Распознание контуров таблицы

На данной этапе была поставлена задача распознать все горизонтальные и вертикальные линии таблицы, чтобы найти их координаты для четкого разграничения ячеек, и чтобы удалит их для распознания.

Задача этапа: получить изображение без контуров таблицы

Для решения этой задачи мы нашли горизонтальные линии таблицы, затем вертикальные и объединили их.
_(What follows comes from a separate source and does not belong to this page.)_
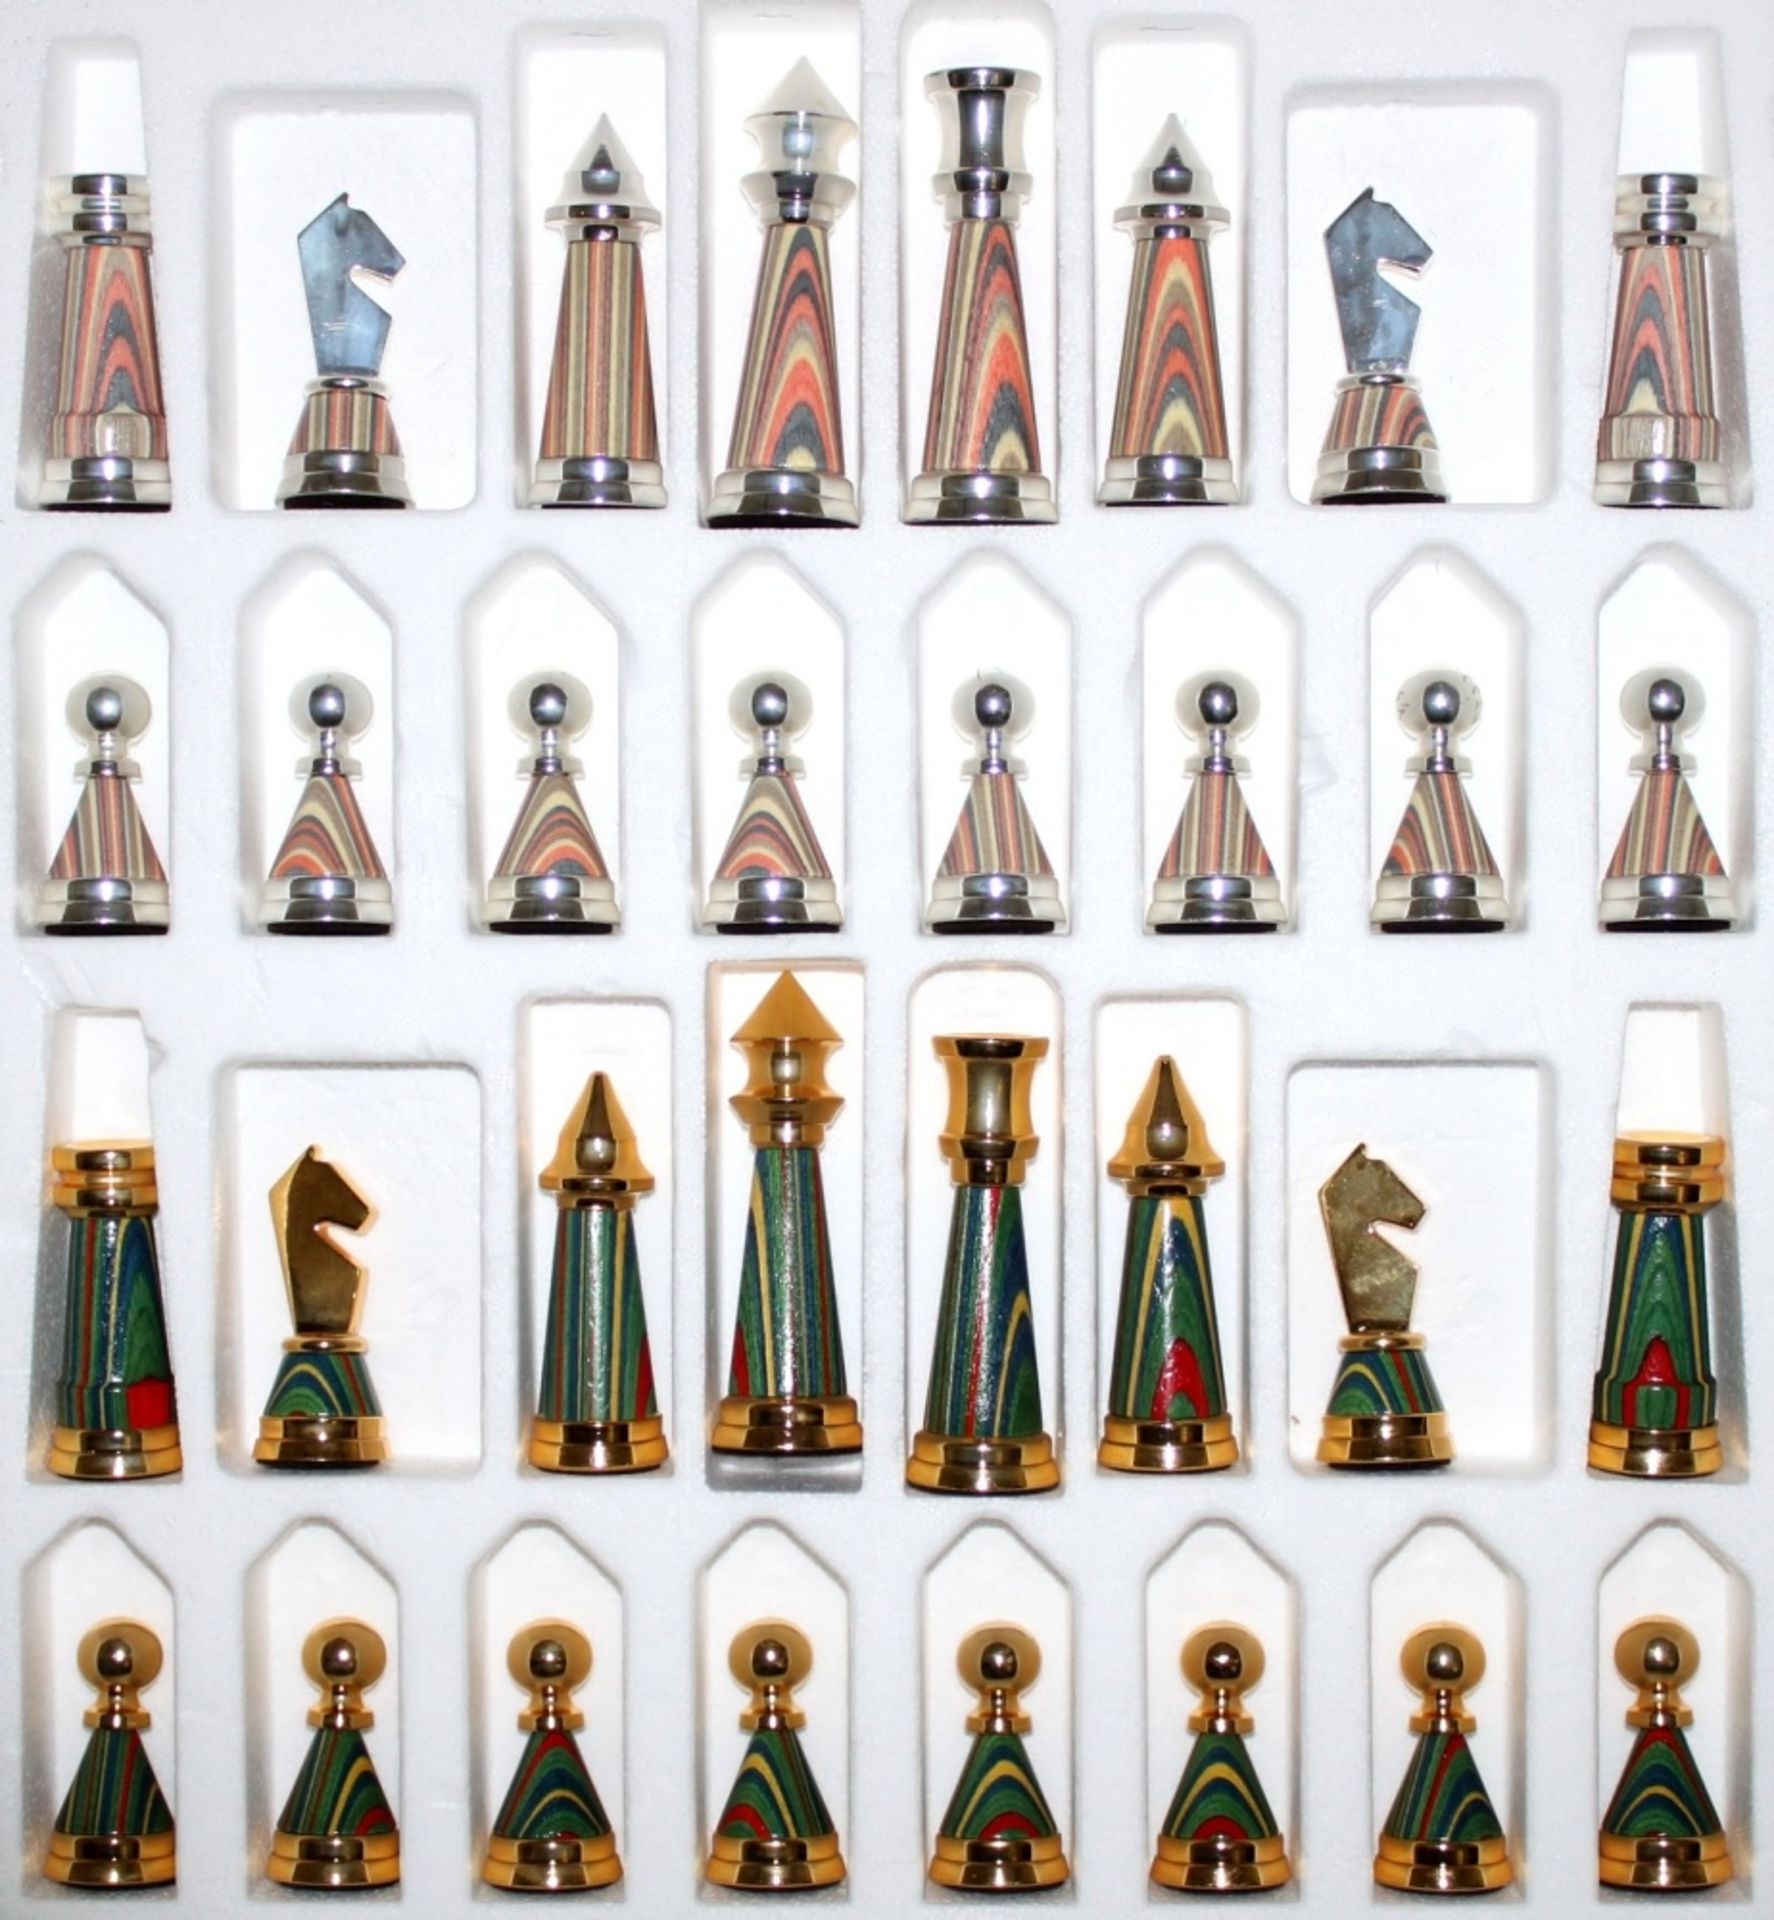 Europa. Italien. Italfama. Schachfiguren “Billardo – Type multicolor“ aus Metall und Holz
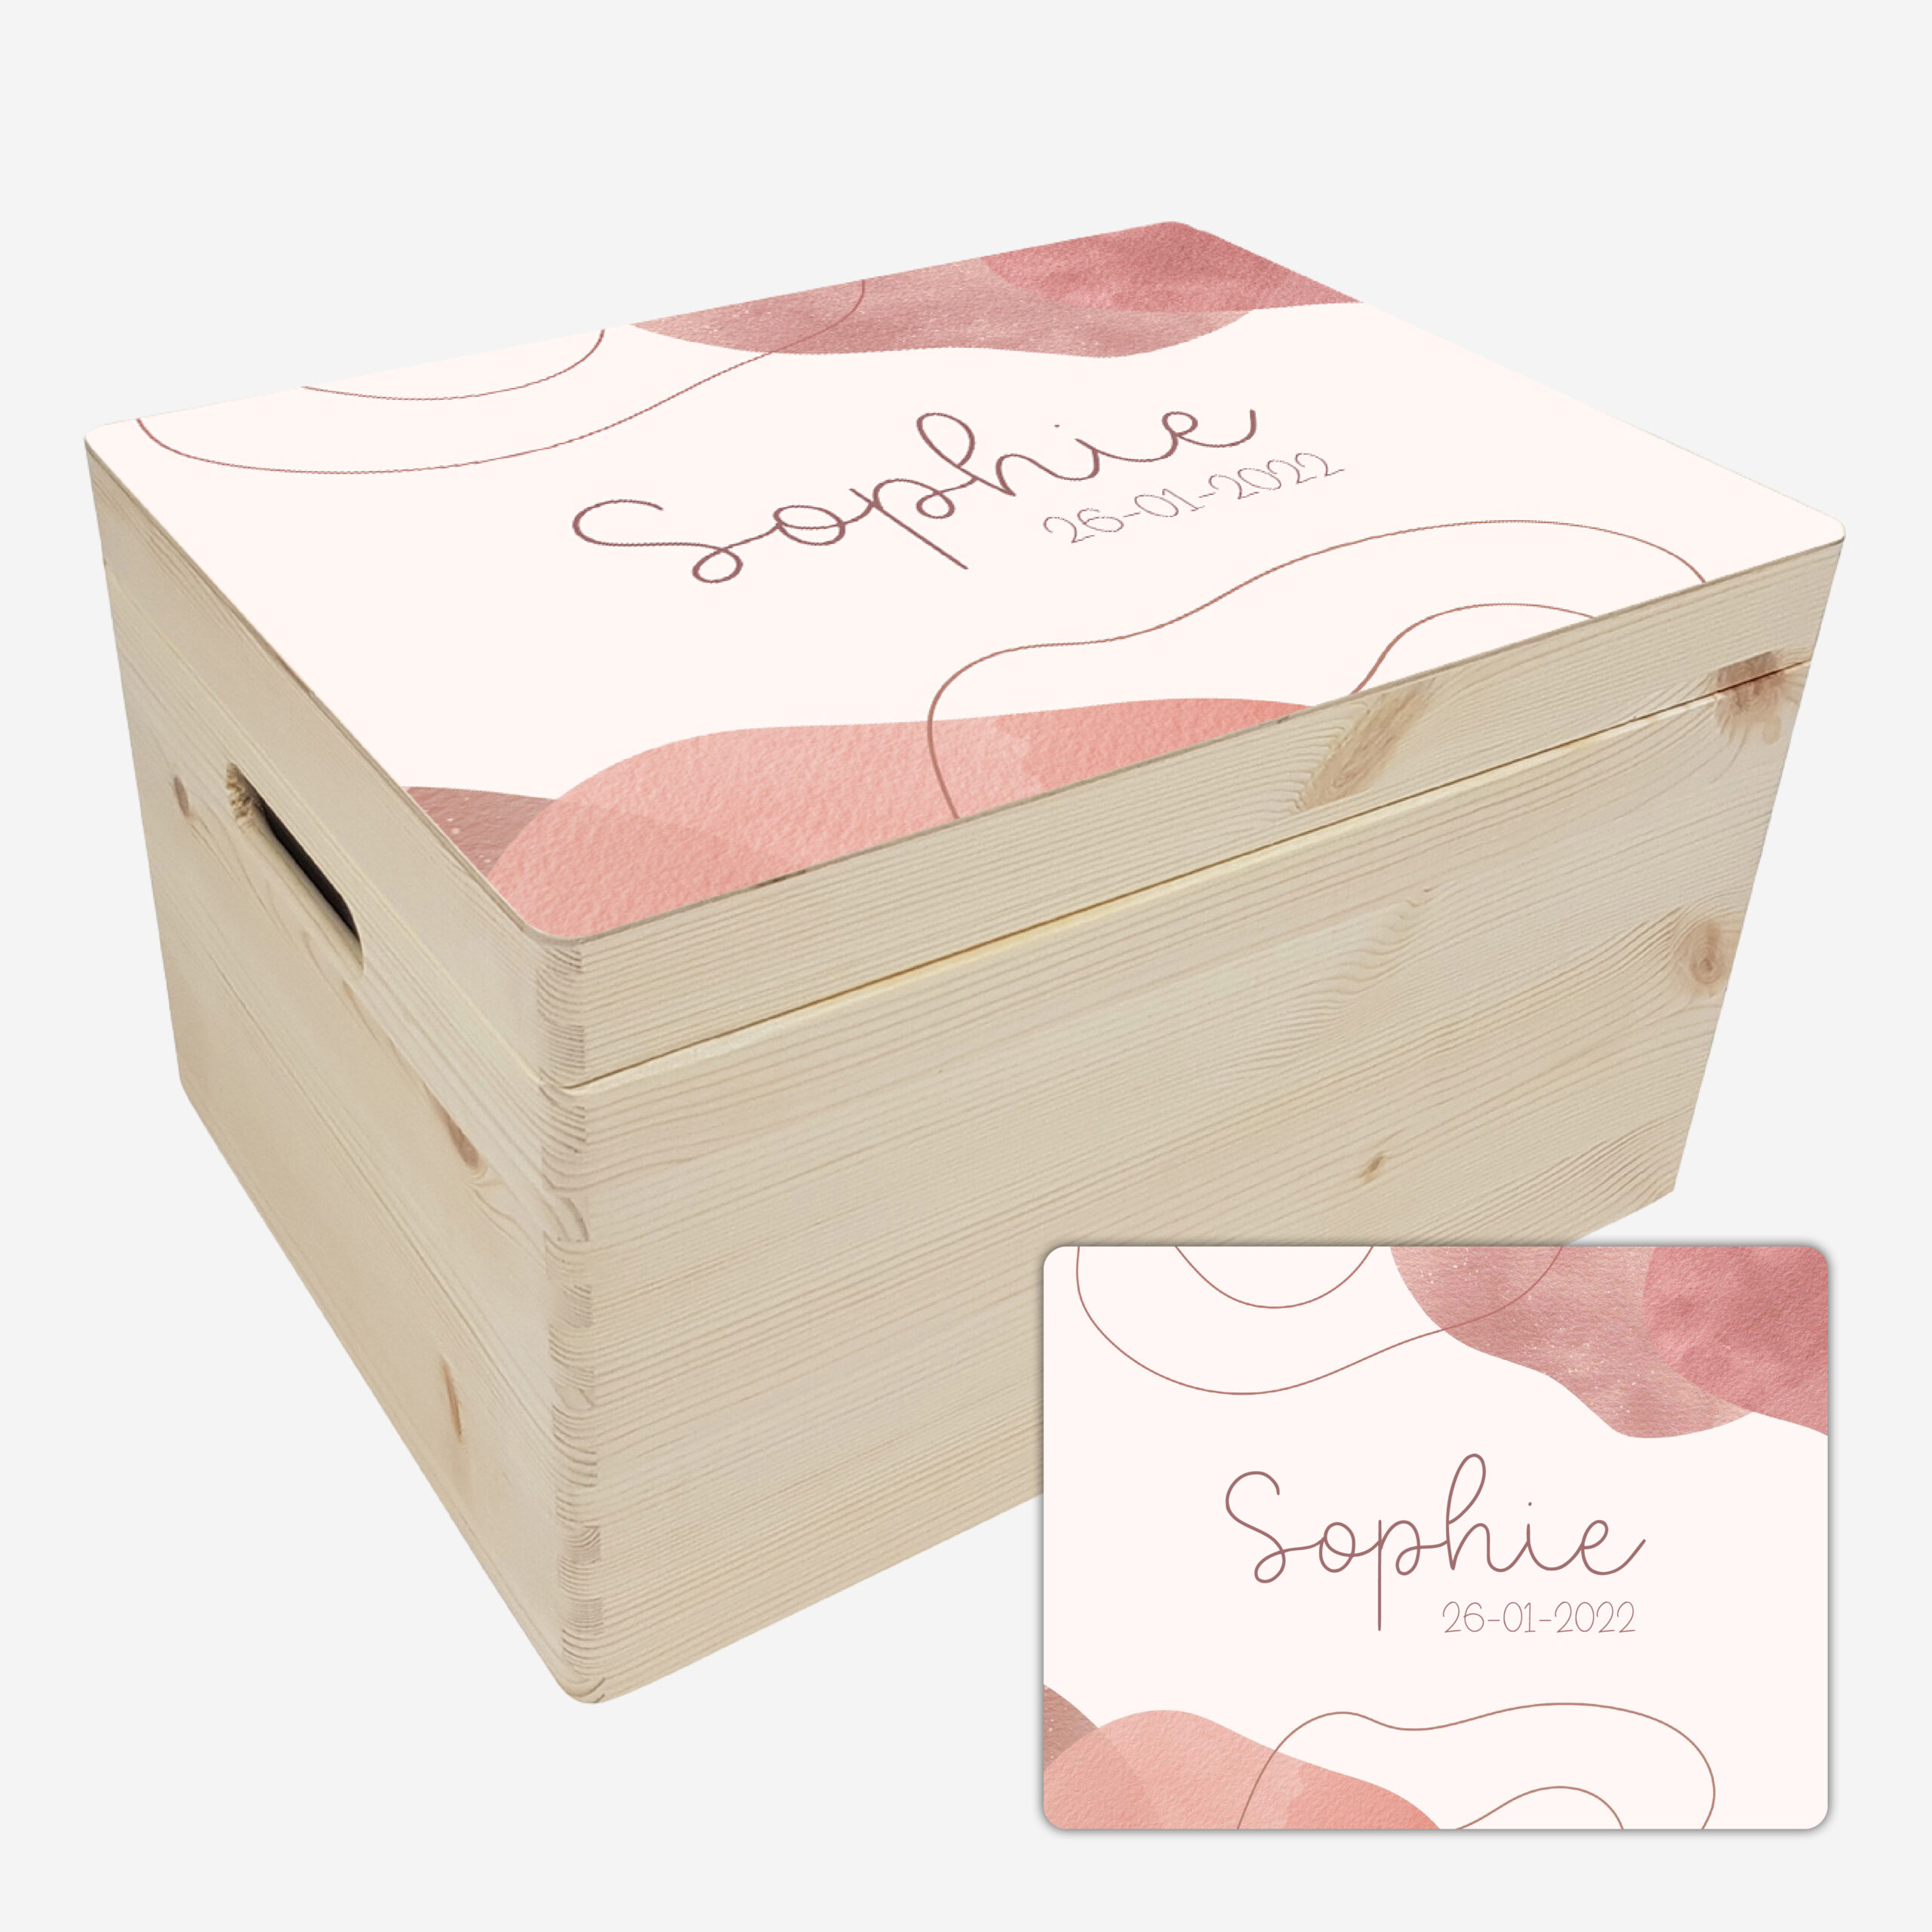 Blanke box middel met voorbeeld aqua roze scaled

hor = np.array([[1,1,1,1,1,1]])
vertical_lines_eroded_image = cv2.erode(perspective_corrected_image, hor, iterations=100)
vertical_lines_eroded_image = cv2.dilate(vertical_lines_eroded_image, hor, iterations=100)
ver = np.array([[1],
            [1],
            [1],
            [1],
            [1],
            [1],
            [1]])
horizontal_lines_eroded_image = cv2.erode(perspective_corrected_image, ver, iterations=100)
horizontal_lines_eroded_image = cv2.dilate(horizontal_lines_eroded_image, ver, iterations=100)
combined_image = cv2.add(vertical_lines_eroded_image, horizontal_lines_eroded_image)
kernel = cv2.getStructuringElement(cv2.MORPH_RECT, (2, 2))
combined_image_dilated = cv2.dilate(combined_image, kernel, iterations=7)

Затем мы в два этапа удалили полученные контуры:

image_without_lines = cv2.subtract(perspective_corrected_image, combined_image_dilated)
kernel = cv2.getStructuringElement(cv2.MORPH_RECT, (2, 2))
image_without_lines_noise_removed = cv2.erode(image_without_lines, kernel, iterations=5)
image_without_lines_noise_removed = cv2.dilate(image_without_lines_noise_removed, kernel, iterations=5)

Распознание текста

Данную задачу мы решили сделать в данной последовательности:

Распознать, где именно находится текст и получить координаты этих мест.
Получить последовательность расположения строк и столбцов.
Вырезать каждый элемент текста отдельно и распознать его.
Собрать таблицу обратно на основе последовательности строк и столбцов.

Для начала мы сильно увеличили все элементы на изображении, что найти те рамки, где находится какой-либо текст.

kernel_to_remove_gaps_between_words = np.array([
                [1,1,1,1,1,1,1,1,1,1],
               [1,1,1,1,1,1,1,1,1,1]
        ])
dilated_image = cv2.dilate(image_without_lines_noise_removed, kernel_to_remove_gaps_between_words, iterations=5)
simple_kernel = np.ones((5,5), np.uint8)
dilated_image = cv2.dilate(image_without_lines_noise_removed, simple_kernel, iterations=5)

Далее мы нашли контуры белых фигур и перенесли их на оригинальное изображении. Контуры были приведены к прямоугольному формату, что помогло распознавать текст значительно лучше.

result = cv2.findContours(dilated_image, cv2.RETR_TREE, cv2.CHAIN_APPROX_SIMPLE)
contours = result[0]
image_with_contours_drawn = perspective_corrected_orig_image.copy()
cv2.drawContours(image_with_contours_drawn, contours, -1, (0, 255, 0), 3)

approximated_contours = []
for contour in contours:
    approx = cv2.approxPolyDP(contour, 3, True)
    approximated_contours.append(approx)

image_with_contours = perspective_corrected_orig_image.copy()
cv2.drawContours(image_with_contours, approximated_contours, -1, (0, 255, 0), 5)

bounding_boxes = []
image_with_all_bounding_boxes = perspective_corrected_orig_image.copy()
for contour in contours:
    x, y, w, h = cv2.boundingRect(contour)
    bounding_boxes.append((x, y, w, h))
    image_with_all_bounding_boxes = cv2.rectangle(image_with_all_bounding_boxes, (x, y), (x + w, y + h), (0, 255, 0), 3)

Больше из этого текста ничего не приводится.